Тату, подаренное им, чешется и вызывает дискомфорт, но прикасаться к незавершенному рисунку нельзя. Неловко встаю, открываю форточку, подставляю лицо прохладному воздуху и вдыхаю запах дождя — сырой и обволакивающий горло.

Взрослый парень с дырой вместо сердца, отгороженный стенами, привыкший к пустоте — он уверен, что не нуждается в помощи, но его вид и манеры кричат об обратном.

Три недели назад я была точно такой же — вязла в болоте безысходности, изводила себя и научилась находить в этом особый кайф.

Прижимаюсь лбом к прохладному стеклу и мучительно пытаюсь вспомнить рассказы Сороки. Он наверняка оставил подсказку, вот только как ее отыскать!..

Вязкую ночную тишину нарушает жужжание входящего сообщения.

Отвлекаюсь от безрадостных дум, нахожу его источник и заношу палец над белым конвертиком в углу экрана — возможно, Ирина Петровна простила меня и ответила, или же…

Это Паша.

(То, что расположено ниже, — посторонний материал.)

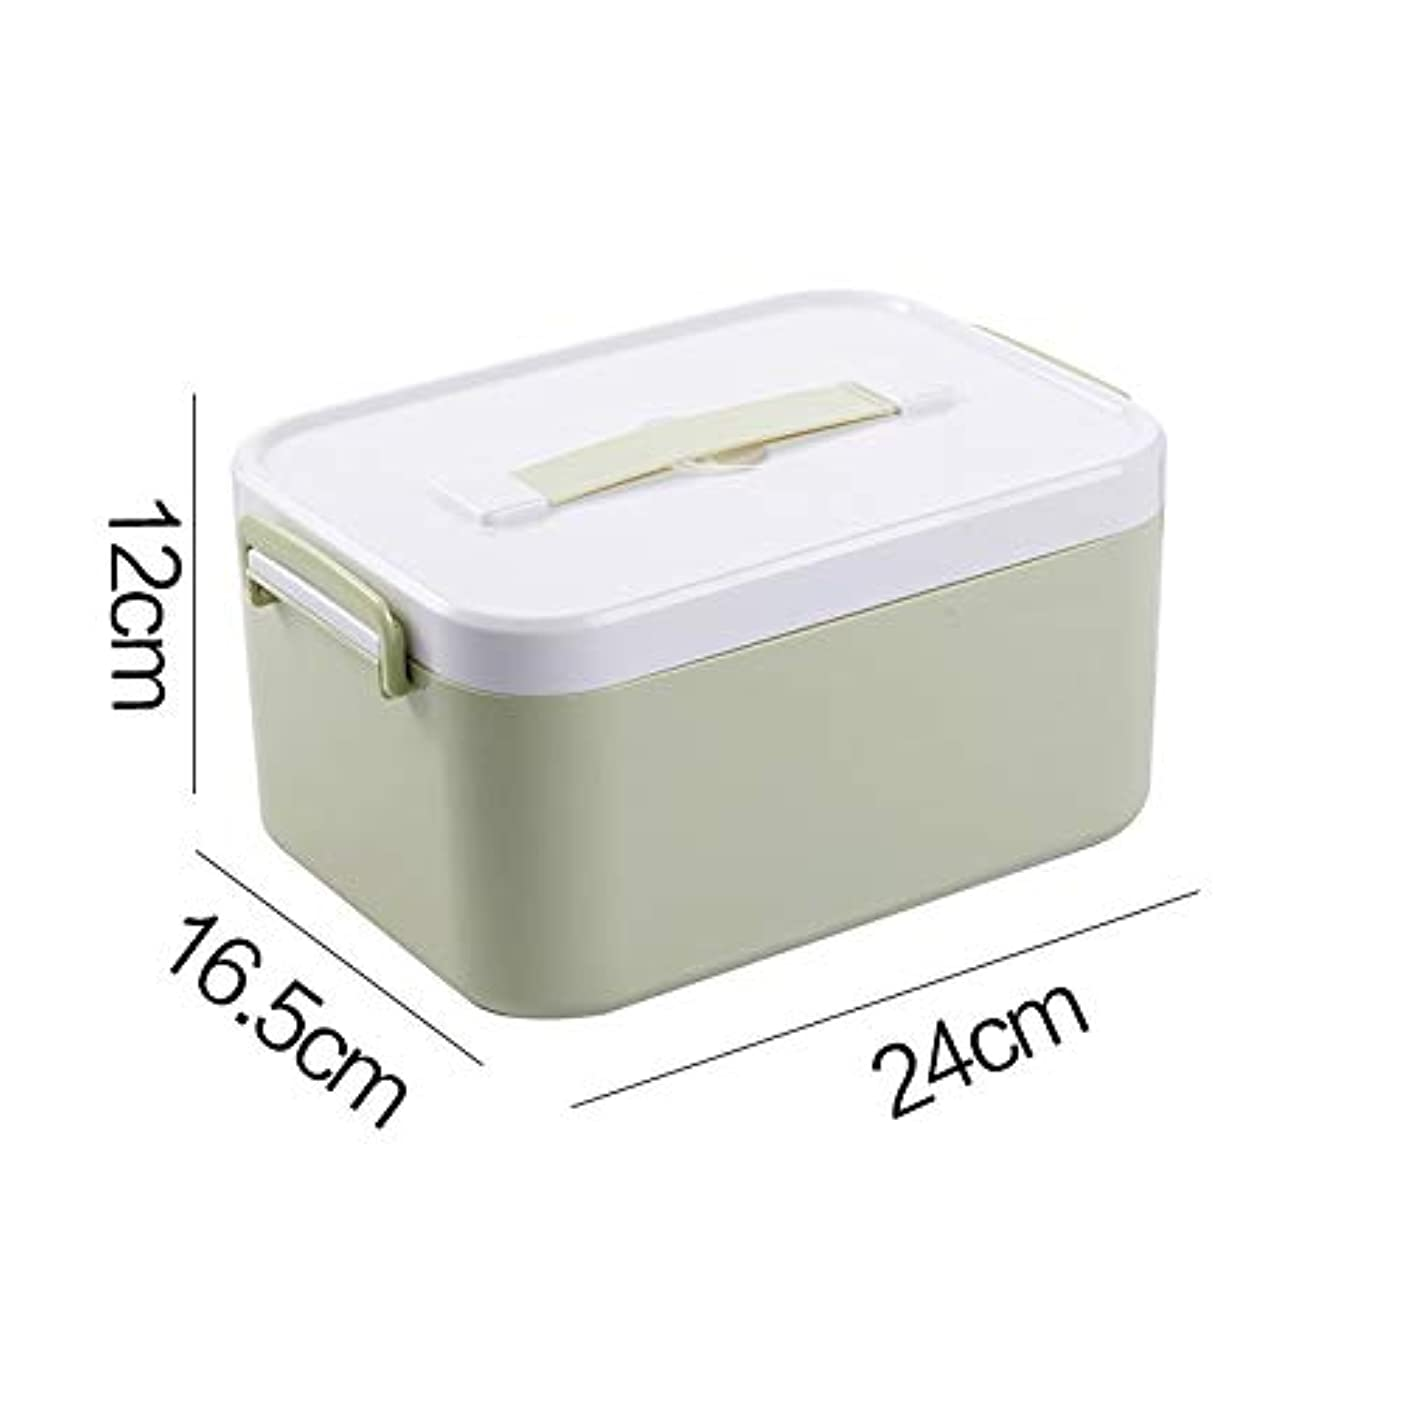 HTDZDX 薬箱収納ボックス、職場応急処置キット、ファミリープラスチック応急処置収納ボックス (Color : Single layer, Size : S)
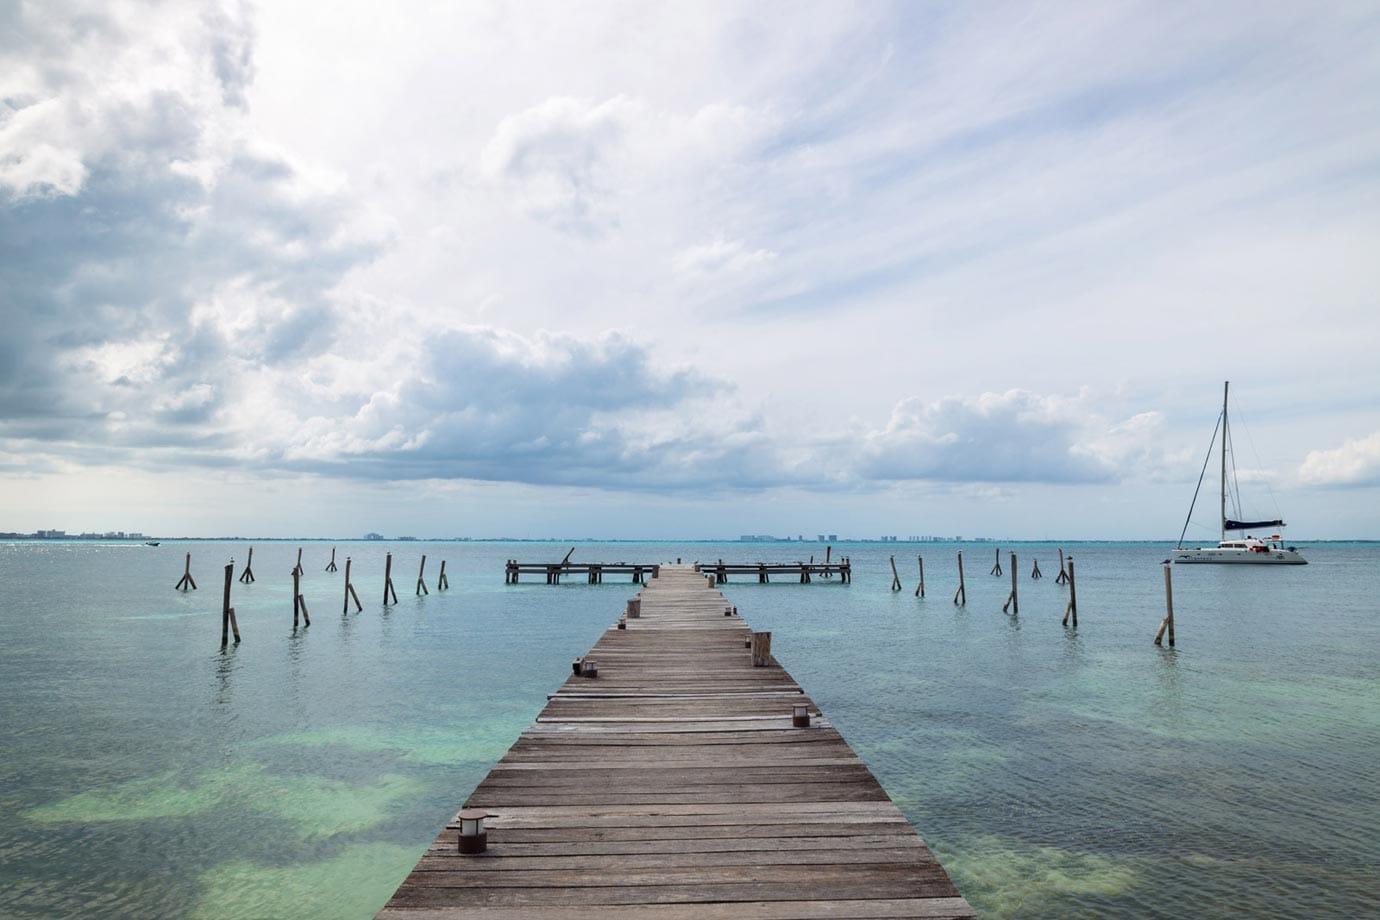 Pier at Isla Mujares, Mexico

Он до сих пор достает меня, не желая принять правду.

Прячу телефон в карман пижамных штанов и, закусив губу, в потемках пробираюсь в комнату.

Тело помнит радость, томление, тепло, эйфорию от его присутствия, но здравый смысл тонким сверлышком зудит в мозгу. Совершенные ошибки не вытравить, не искупить…

То, что начиналось как сказка, закончилось катастрофой — мне пришлось поплатиться за содеянное всем, что было дорого, а он… Он вышел сухим из воды.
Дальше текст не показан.